Le groupe est composé de vraies maisons et pas seulement des marques. Chaque maison possède un style de vins et une clientèle bien différents. Il est évident que, avec une année comme celle-ci, les conséquences sur leur activité sont très variées selon la clientèle à laquelle ces maisons s’adressent. Plus qu’un impact venant des zones géographiques, ce sont les typologies de clientèle qui agissent sur le résultat. Certaines maisons vendent dans la grande distribution (Tsarine, par exemple), d’autres ont une clientèle de particuliers et de vente à domicile (Boizel) ou encore de cavistes (De Venoge, Philipponnat…). Sur l’ensemble, nous connaîtrons évidemment une baisse.

Parmi les lueurs d’espoir, l’œnotourisme. Quelques mots sur le gigantesque projet que vous nourrissez près du site de Lanson avec un hôtel 5 étoiles ?
Ce projet-là, pour le moment, n’est pas acté. Il faut être prudent en cette période. La dette senior du groupe est totalement remboursée depuis juin… Le terrain que vous évoquez est un terrain de 7 000 m2. Cet emplacement pourrait faire mieux que des logements et un projet hôtelier haut de gamme pourrait faire du sens. Mais avant de lancer de nouveaux investissements, la première étape consiste à être prudent. Ce n’est pas avec force 7 qu’on lance de nouvelles voiles. Il faut réduire un peu la voilure pour conduire à bon port.
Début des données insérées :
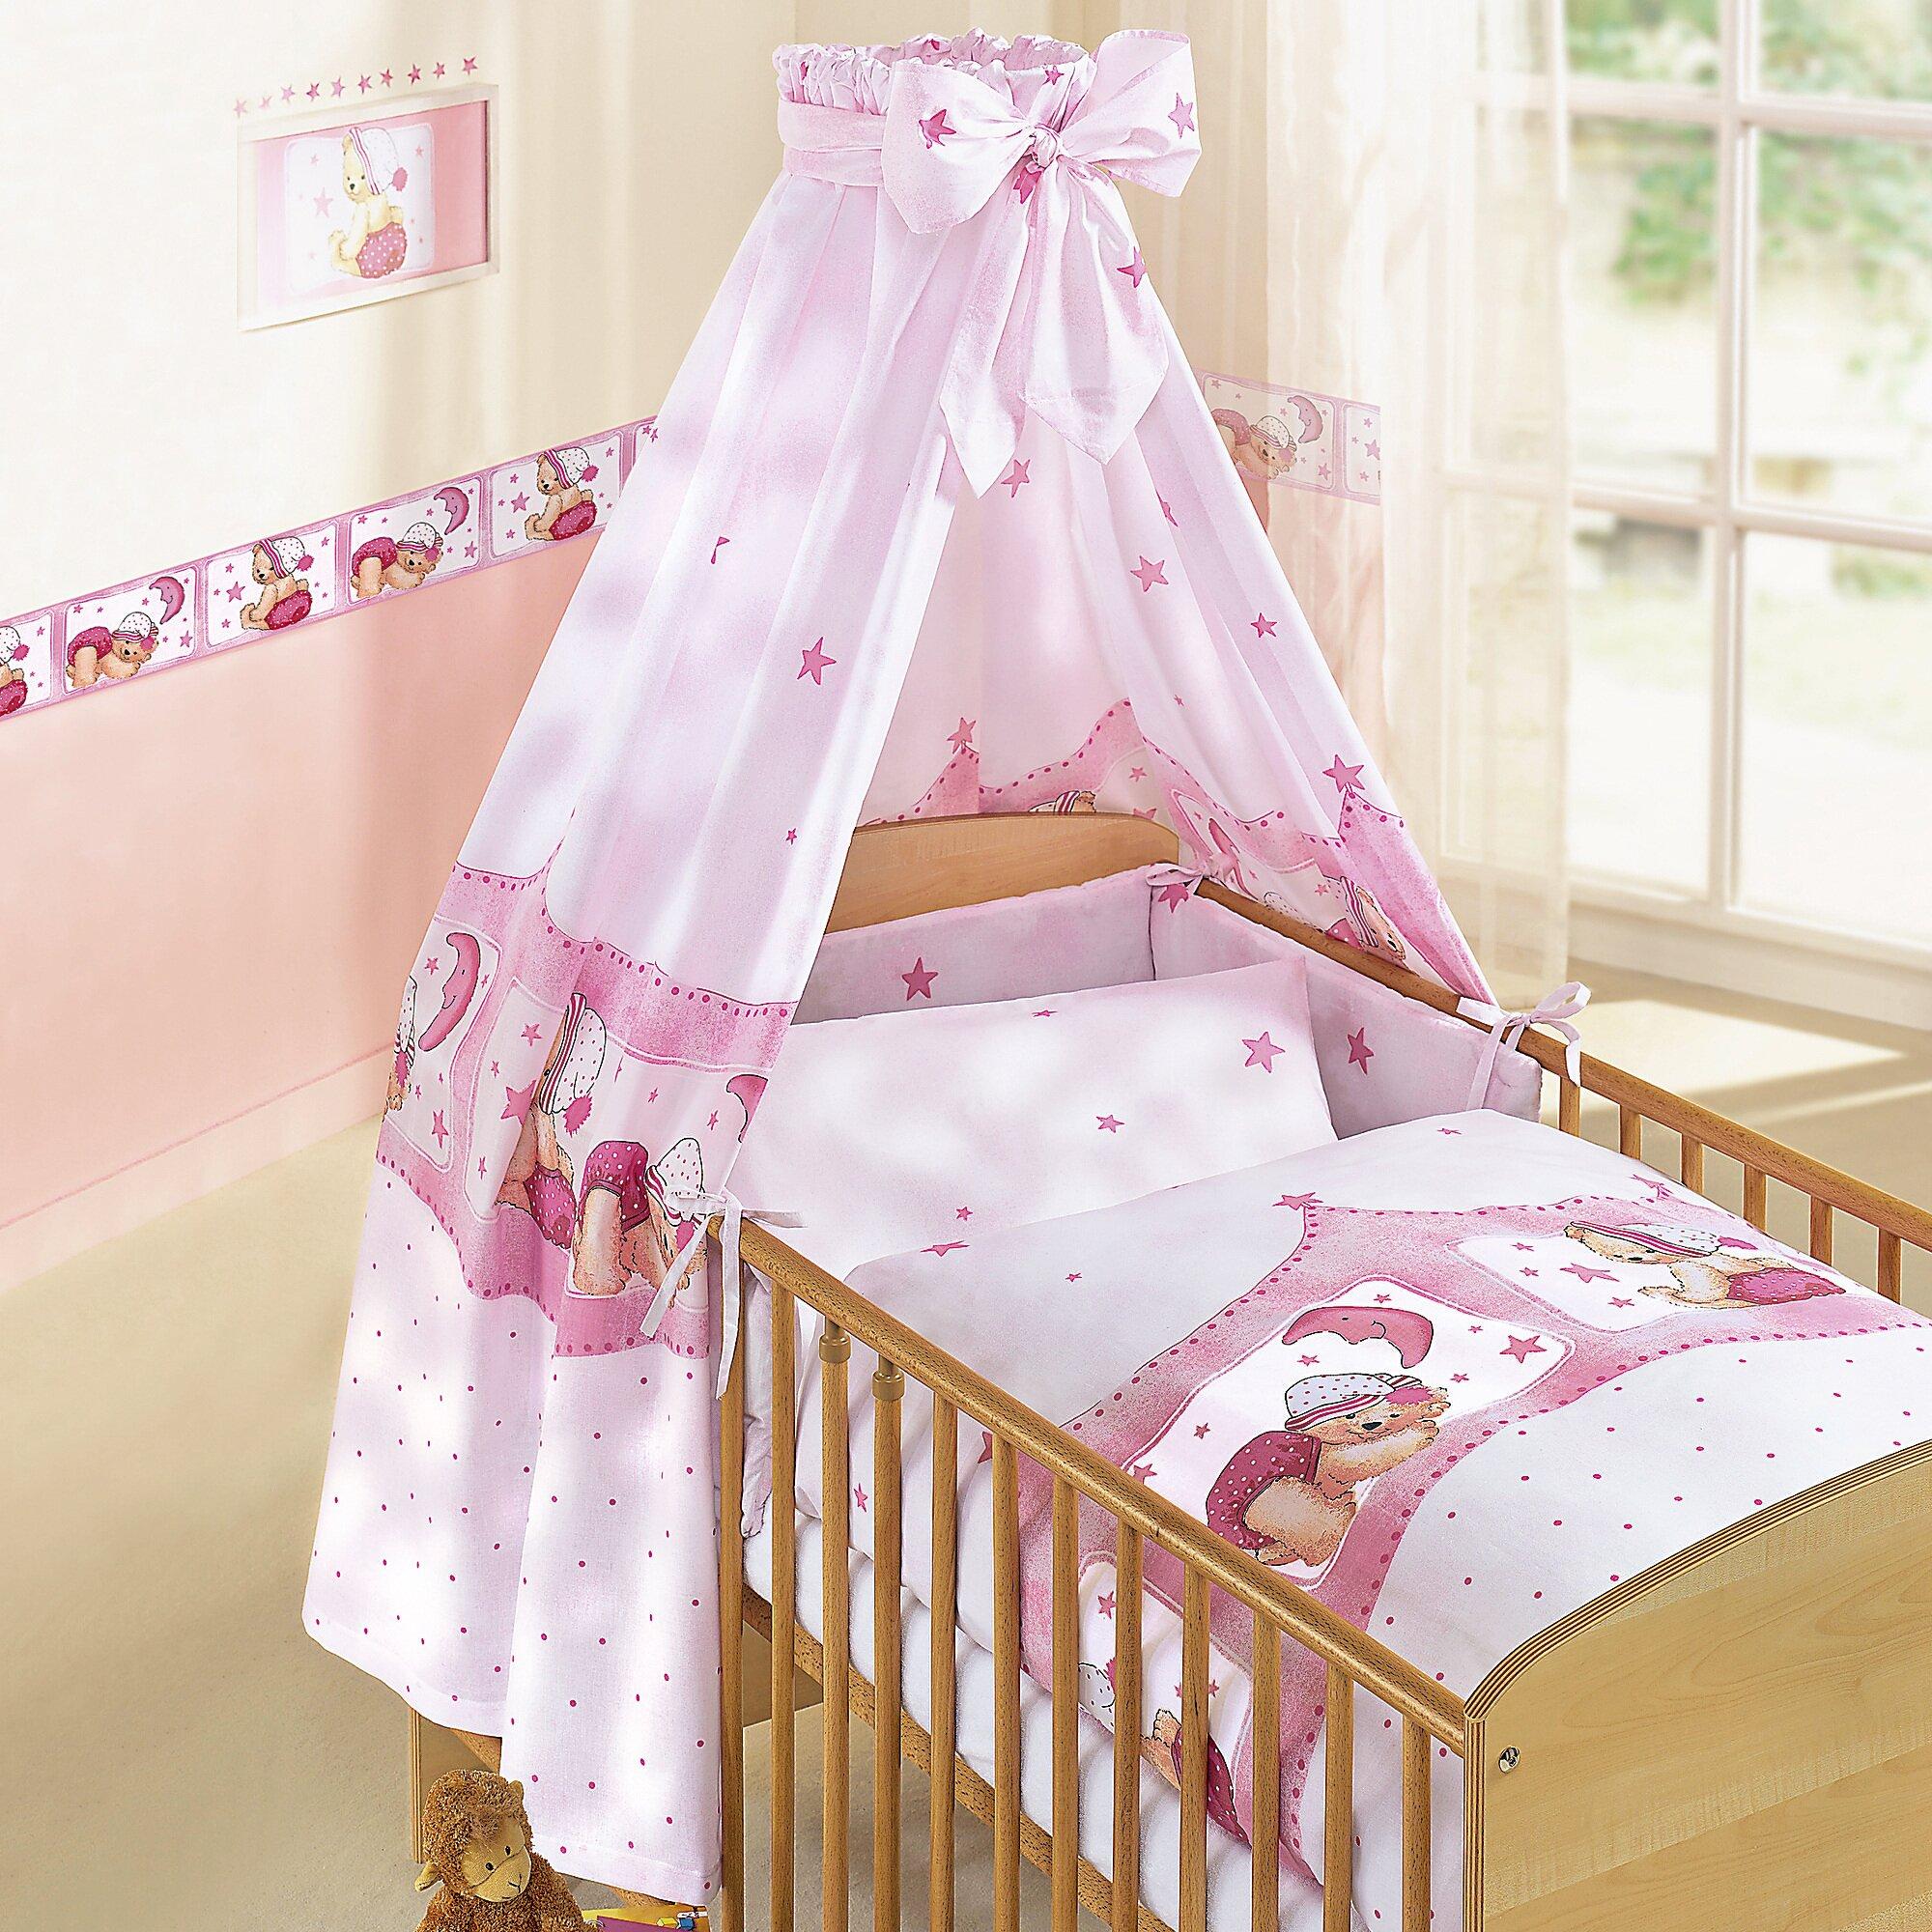 zollner-4-tlg-babybettausstattung-kuschelbar-rosa

Un mot sur votre avenir. Vous avez 68 ans. Philippe Baijot a quitté récemment Lanson. Comment s’organisera votre succession ? Par un manager issu des familles actionnaires ou par un manager au service des actionnaires ?
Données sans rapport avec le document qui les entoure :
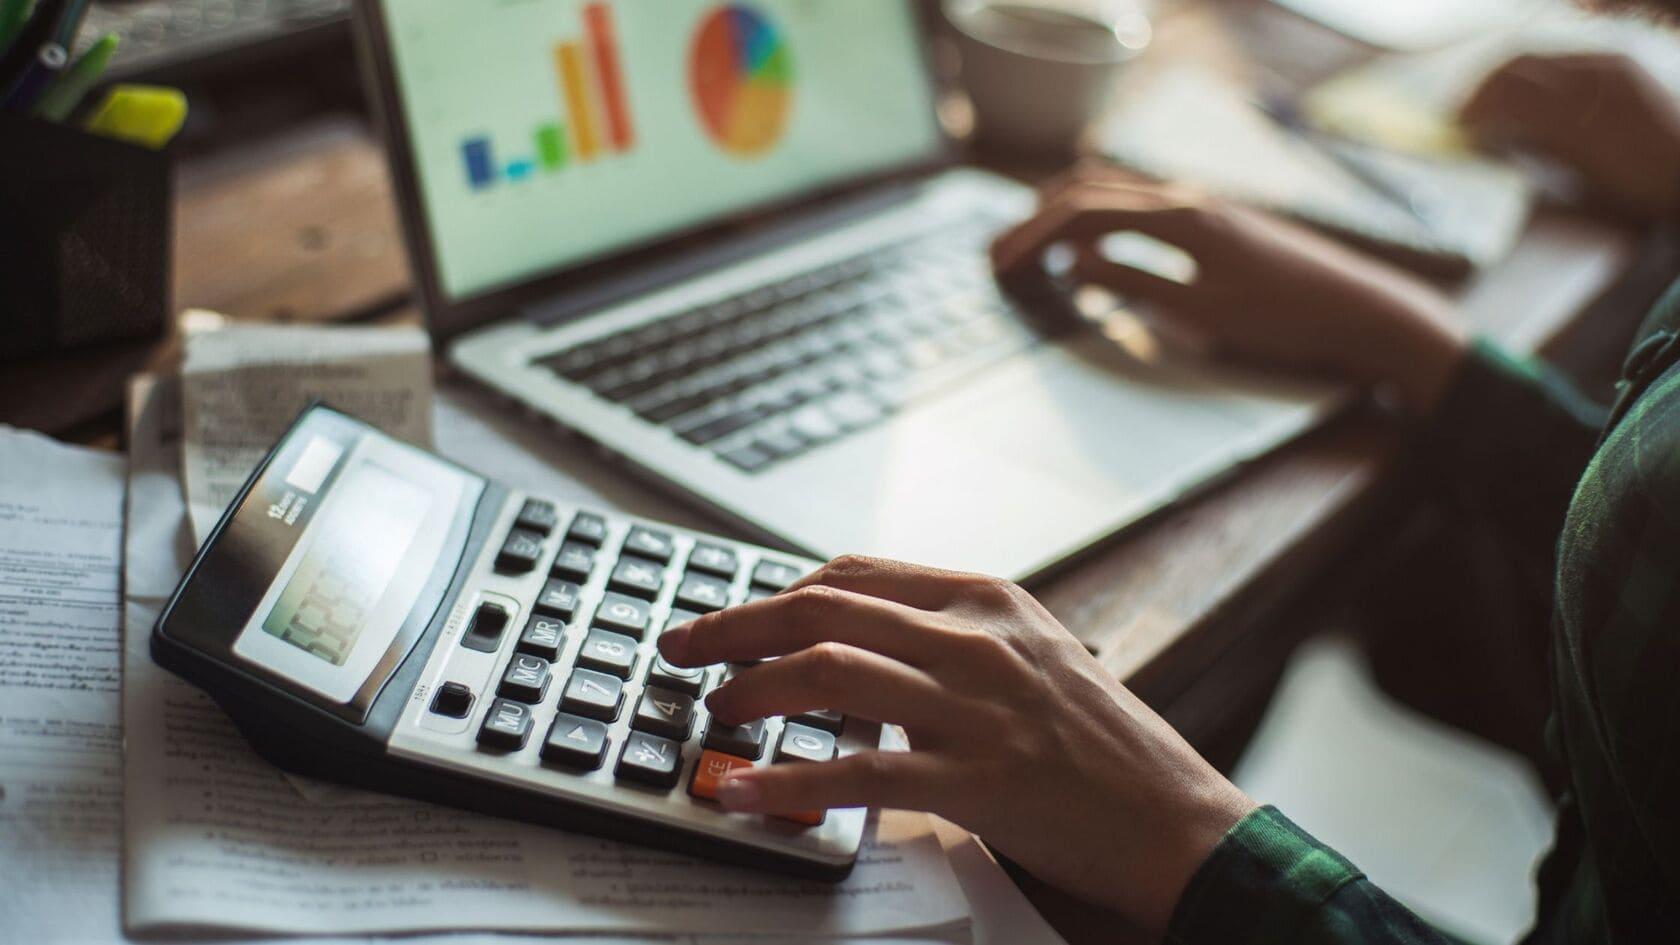 quanto costano wordpress o blogger

La gouvernance du groupe aura été renouvelée aux trois quarts sur la période de deux ans. Ce n’est pas terminé. M’assurer de la bonne marche est important. Mon ambition n’est pas de durer mais de faire en sorte que chaque maison que j’ai pu prendre soit plus belle après mon passage sur cette planète qu’elle ne l’était auparavant. La pandémie compte aussi dans ce calendrier. Ce n’est pas un cadeau de prendre une maison de champagne actuellement. Cela complique les choses. Les plans que j’aurais voulu faire auraient pu être plus rapides, mais il faut que tout cela tienne avec de l’allure. Il faudra que je pense à prendre du recul. Les cimetières sont remplis de gens indispensables. Nous quitterons ce monde comme nous y sommes venus, nus. Chaque lever de soleil mérite d’être célébré, chaque instant mérite d’être célébré. Et « l’honneur de vivre » du professeur Debré : quand on a l’honneur de vivre, il faut le mesurer et le célébrer.